Reia didn't scream. She was frozen in a horror too deep for sound.

Eiden stepped forward, his voice turning to ice. "Reia, I was never going to spare you. You are a devil. And like all devils, you are monsters."

Reia's eyes snapped to him, filled with fury and grief. "Me? A monster? You've killed more than I ever have! Families! Innocent people! Your fans only ignore it because of the monsters you slay!"

Her words cut off as a hand rested on her head. Selyndra stood behind her, a golden glow erupting from her palm. Reia's body dissolved into fine white ash.

"What an idiot," Selyndra said, sheathing her blade. "You should've finished her from the start."

"I wanted her to have hope," Eiden replied. "And I wouldn't have spared her anyway."

"Can we head back?" Seraphaine asked, rubbing her eyes. "I want my bed."

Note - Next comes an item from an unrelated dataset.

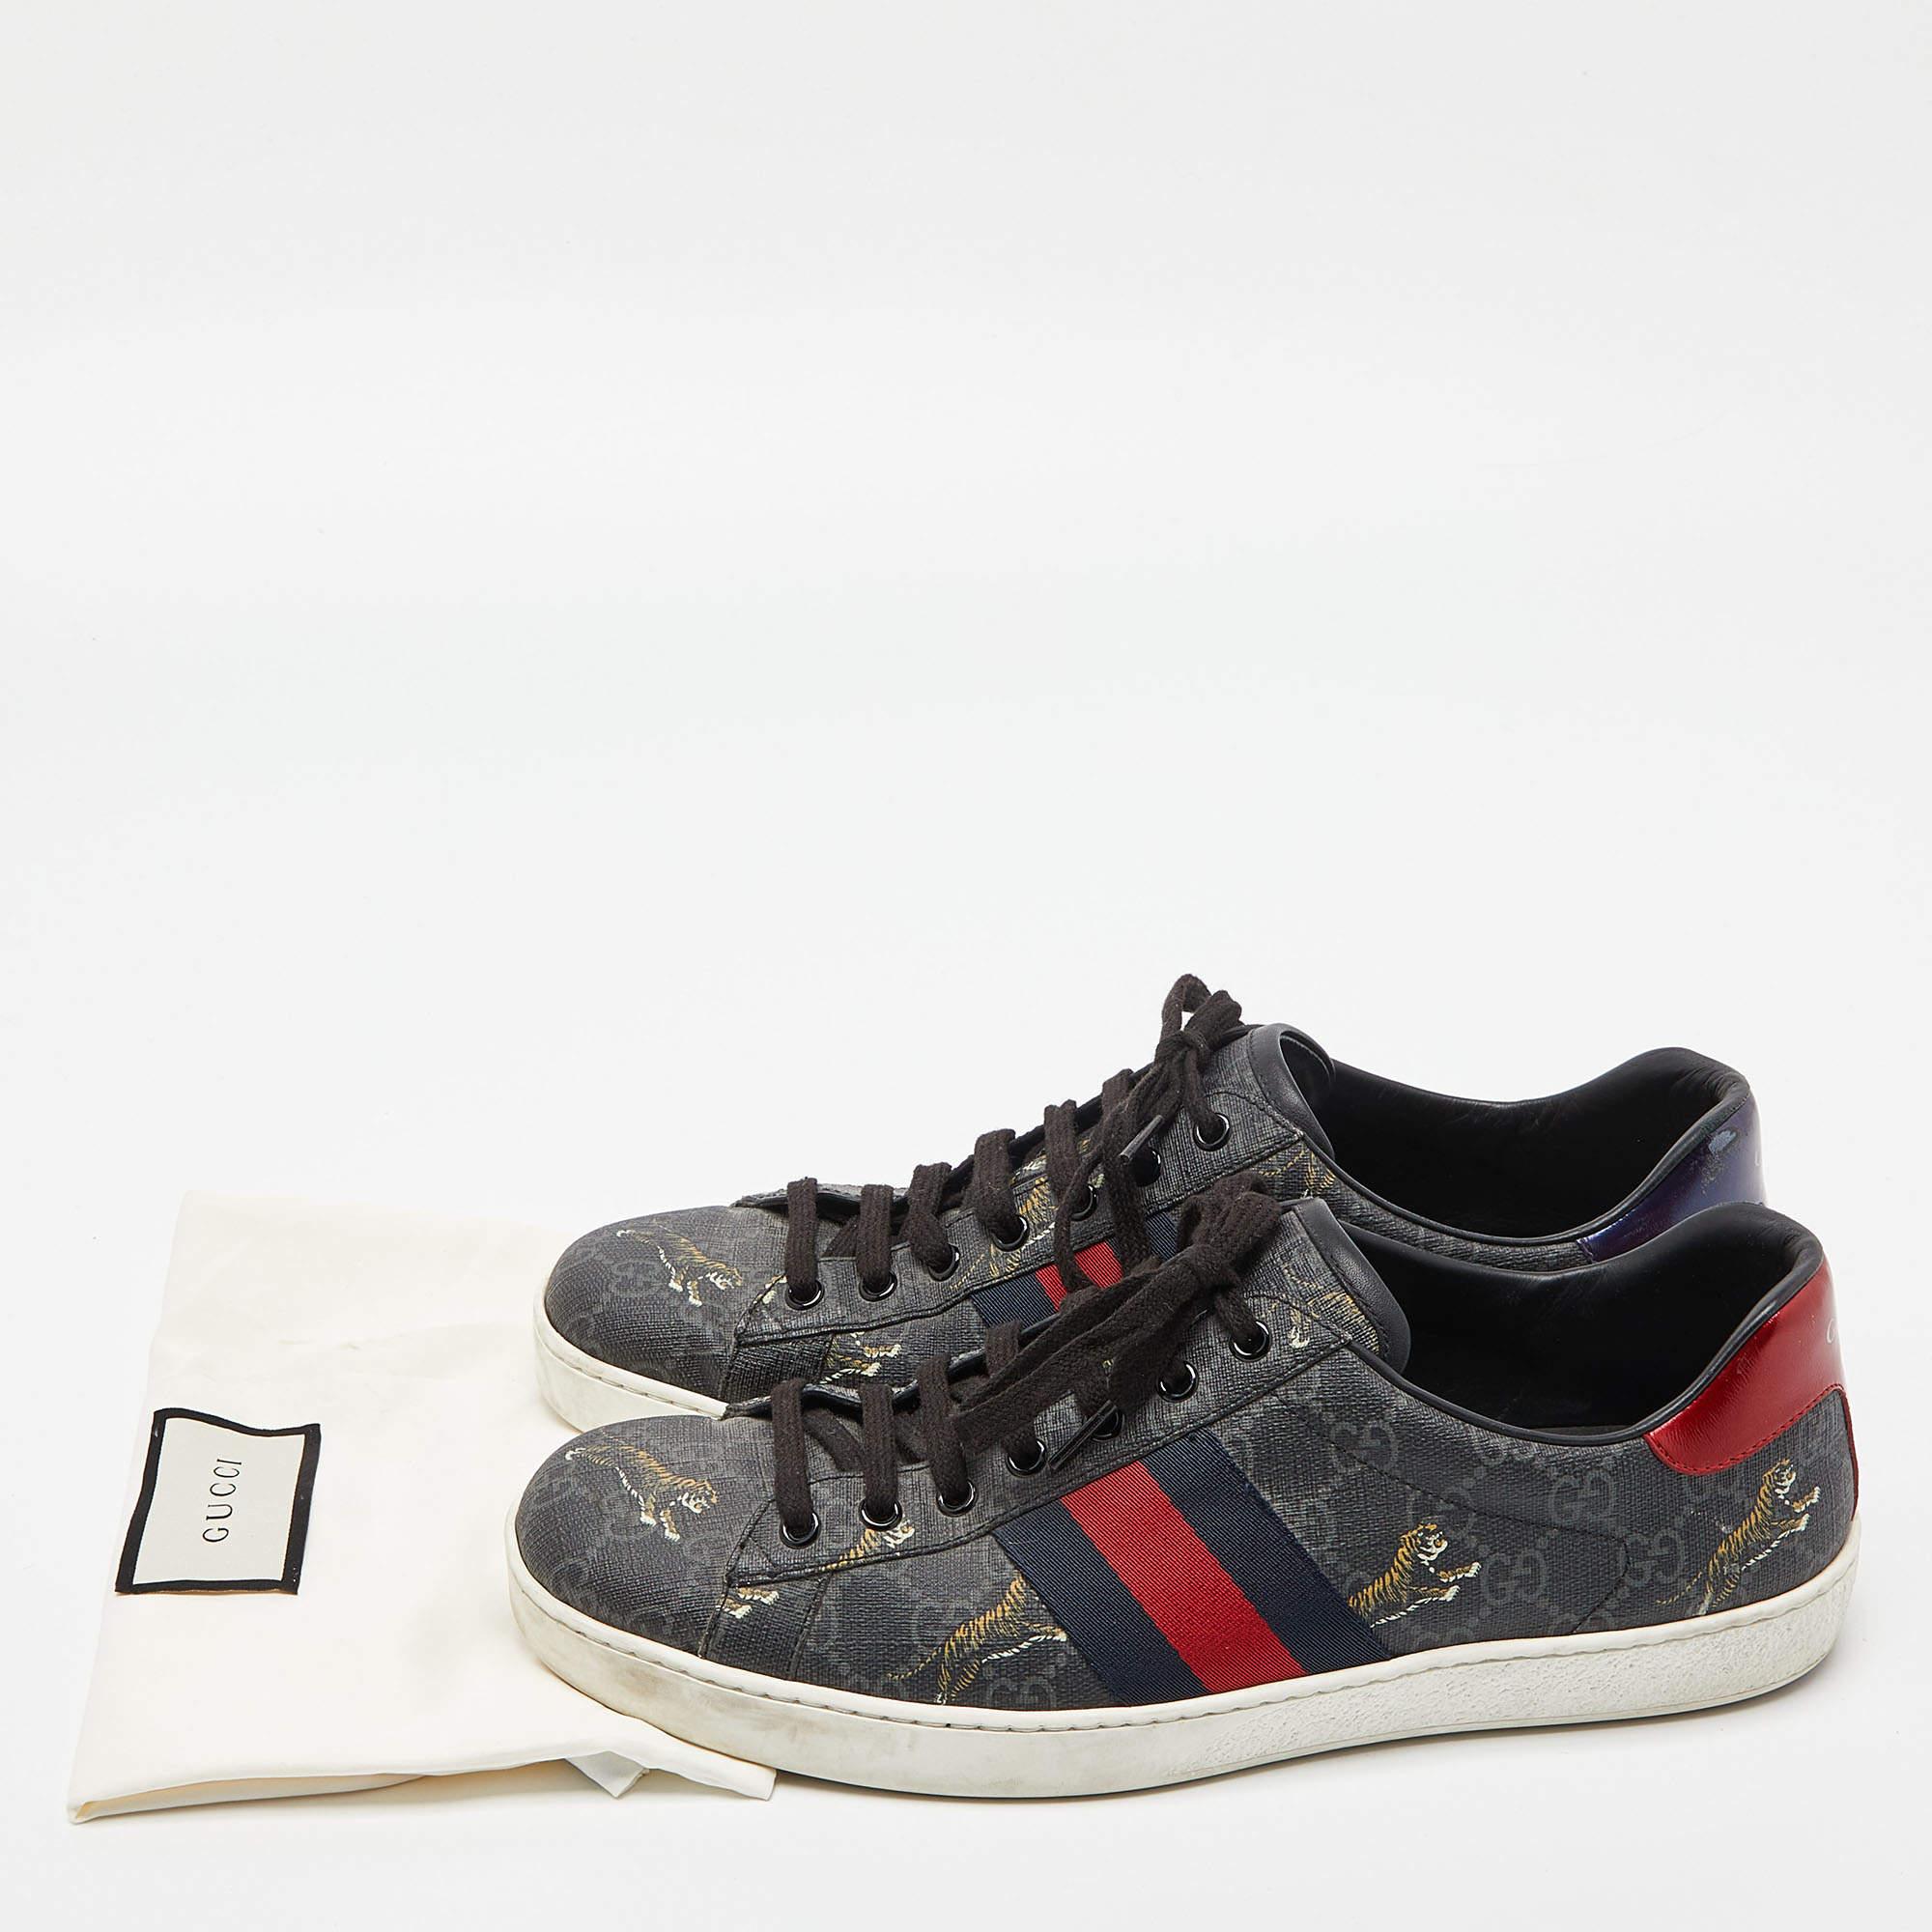 Gucci Black GG Supreme Canvas Web Ace Tiger Low Top Sneakers Size 43 For Sale 3

The group followed King Tcil back toward the gates. As they walked, the moon hung over the kingdom like a massive, watchful eye. Iris and Seraphaine admired the stars, their figures turning into silver pillars as they passed through the gates.

The kingdom was quiet.

On the roof of the tavern, a black bird landed. Its feathers were darker than shadow, its eyes a violent, unnatural red. It watched them, silent and unblinking. As the Sages disappeared into the city's heart, the bird tilted its head, spread its wings, and cast a jagged shadow across the rooftops.

Something else had seen everything. The night was far from over.